While looking at the results I found that the magnetometer on the 2nd APM hadn't initialised, which means its yaw and heading values are rubbish. We'll need to do more flights in the future after ensuring that both magnetometers initialise correctly. I'll also need to add a warning message to mavproxy for when the magnetometer doesn't produce good data.
Results
The first thing I wanted to look at was the roll/pitch solutions. Here is a typical graph for a short section of the flight.
The tracking between the two APMs was reasonable, although not as good as I had hoped for. The two IMUs will of course have had slightly different calibration, so we expect a constant offset, but the graph shows that the offset isn't constant. Sometimes the 2nd APM shows a larger roll, and sometimes the first one does.
The altitude solutions show a similar variance:
The VFR_HUD altitudes are from the two barometers, the GPS_RAW values are from the GPSes, both are in meters above sea level. The two height estimates tracked each other quite nicely, with the variance small enough not to bother a plane. A quadcopter hovering might have some problems at low altitude, but at the altitude we were flying at today (around 100m or so) it wasn't an issue for the Telemaster.

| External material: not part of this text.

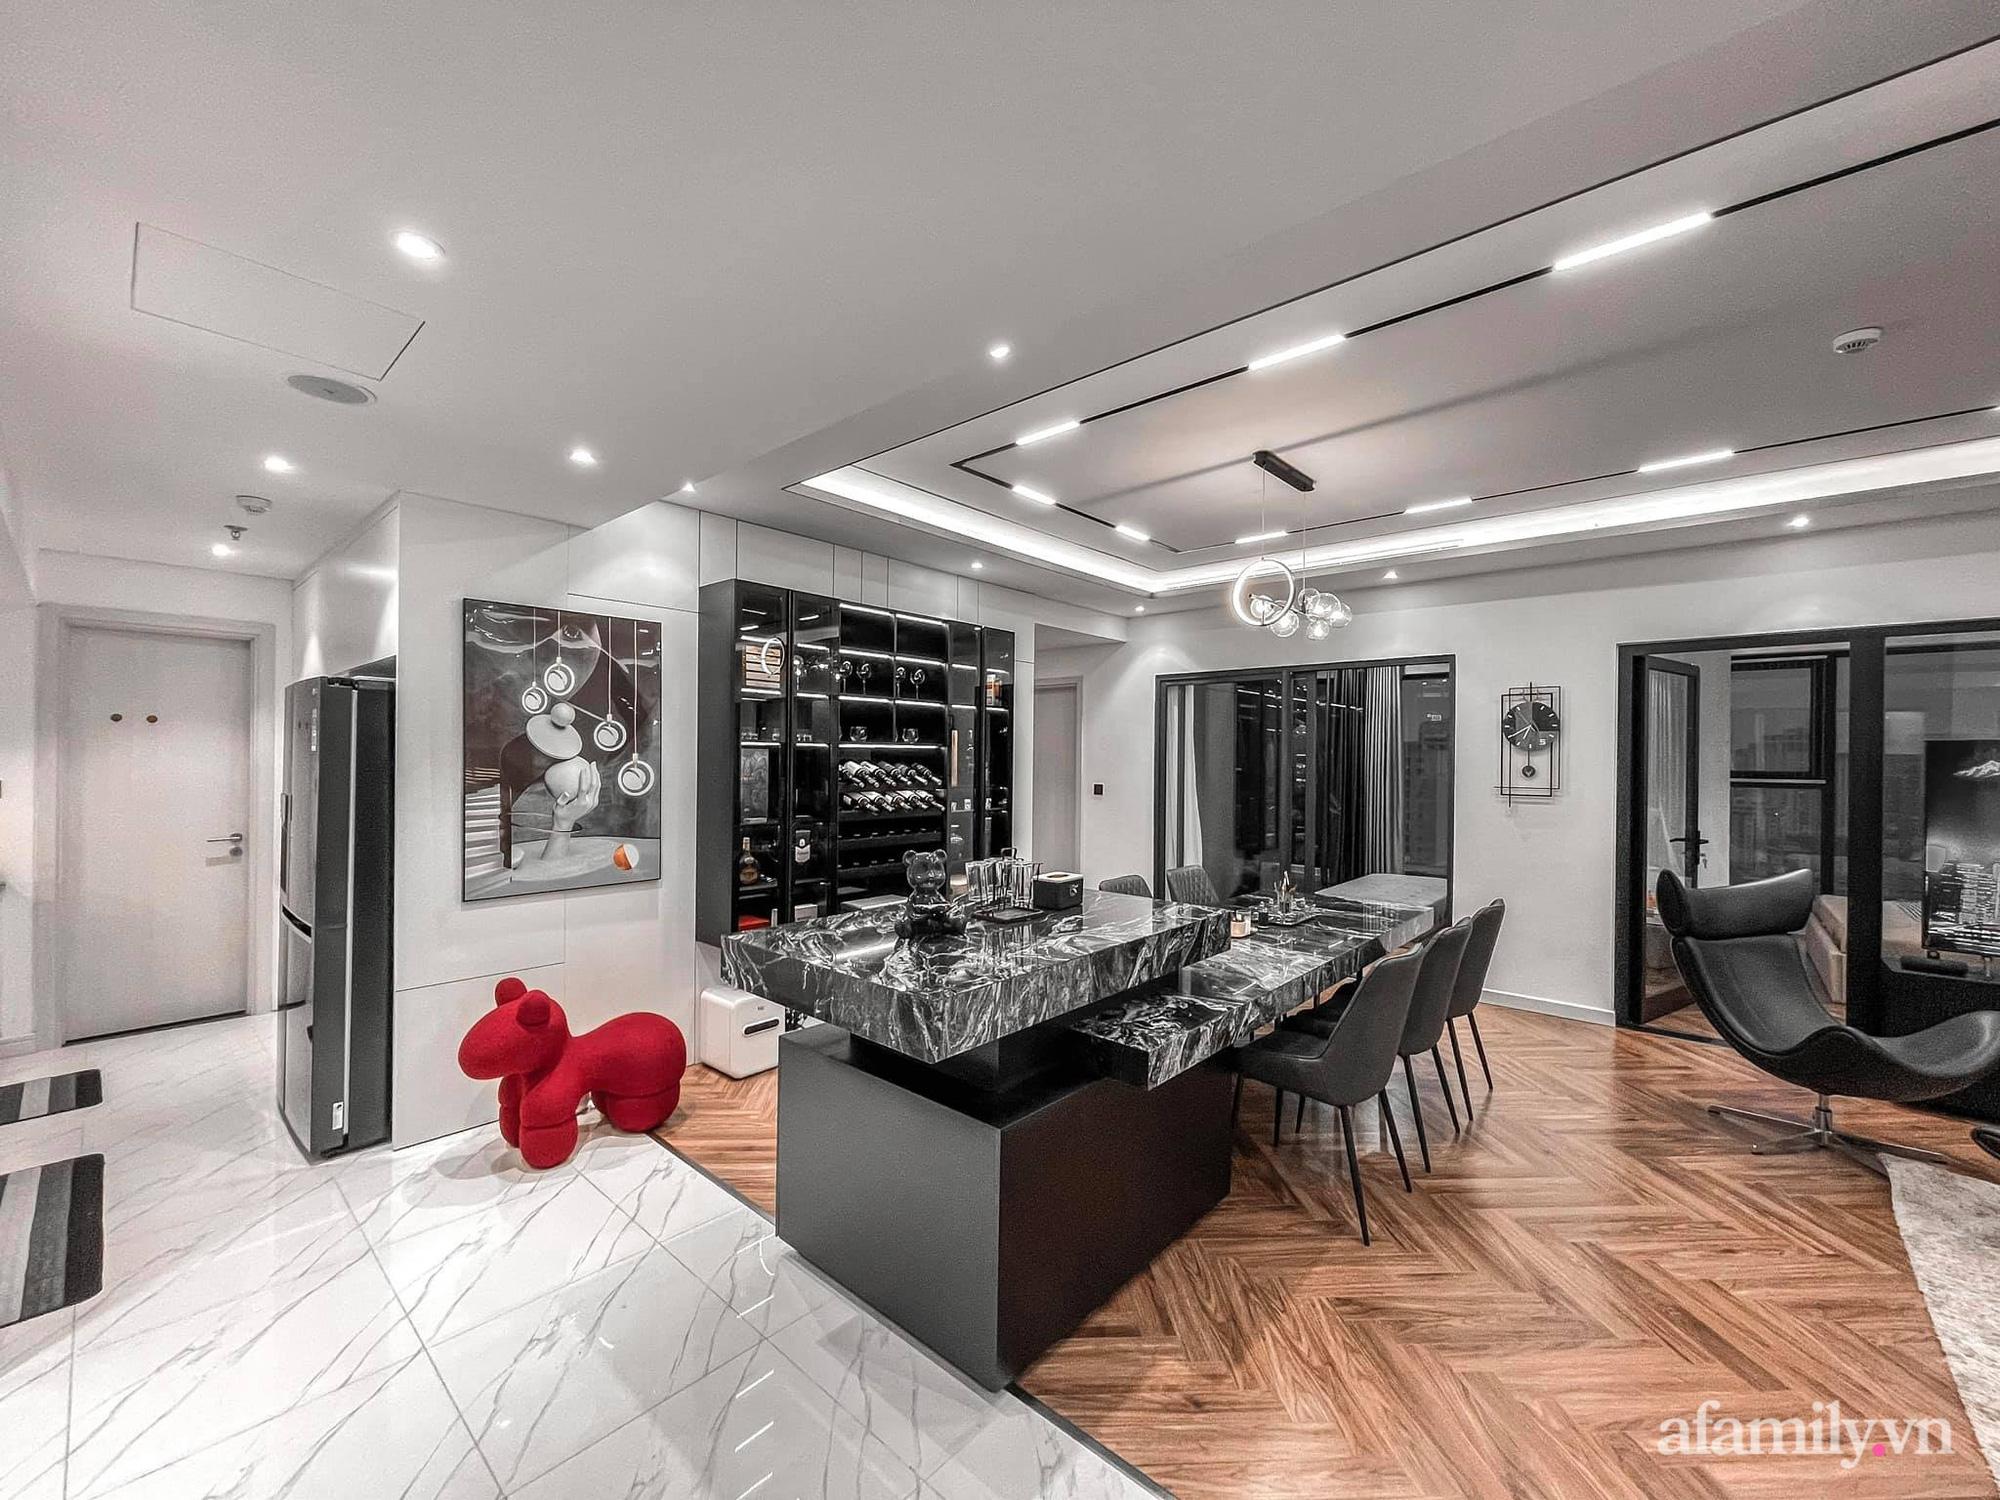 Căn hộ 125m² với gam màu tối cực chất của cặp vợ chồng yêu thời trang ở Hà Nội - Ảnh 12.

The airspeed/groundspeed values were about what I expected:
the pitot tube produces a much noisier signal than the GPS does, and the two GPSes tracked each other quite nicely. The difference between the pitot and GPS readings could well have just been the wind, which was several meters/second.
I was curious to see if the raw gyro readings tracked each other. The MAVLink RAW_IMU packet allows us to see the raw sensor values before that are processed by the APM, and I wanted to see how much noise showed up:
They tracked better than I expected them to! I have the hardware sensor filters enabled on both IMUs, and I suspect this shows that those sensors are doing their job quite well.
We'll be looking at these log files a lot more closely in the coming weeks, but this quick look has already told us a lot of what we need to know for designing our OBC avionics, and working out how to do failover between the two APMs.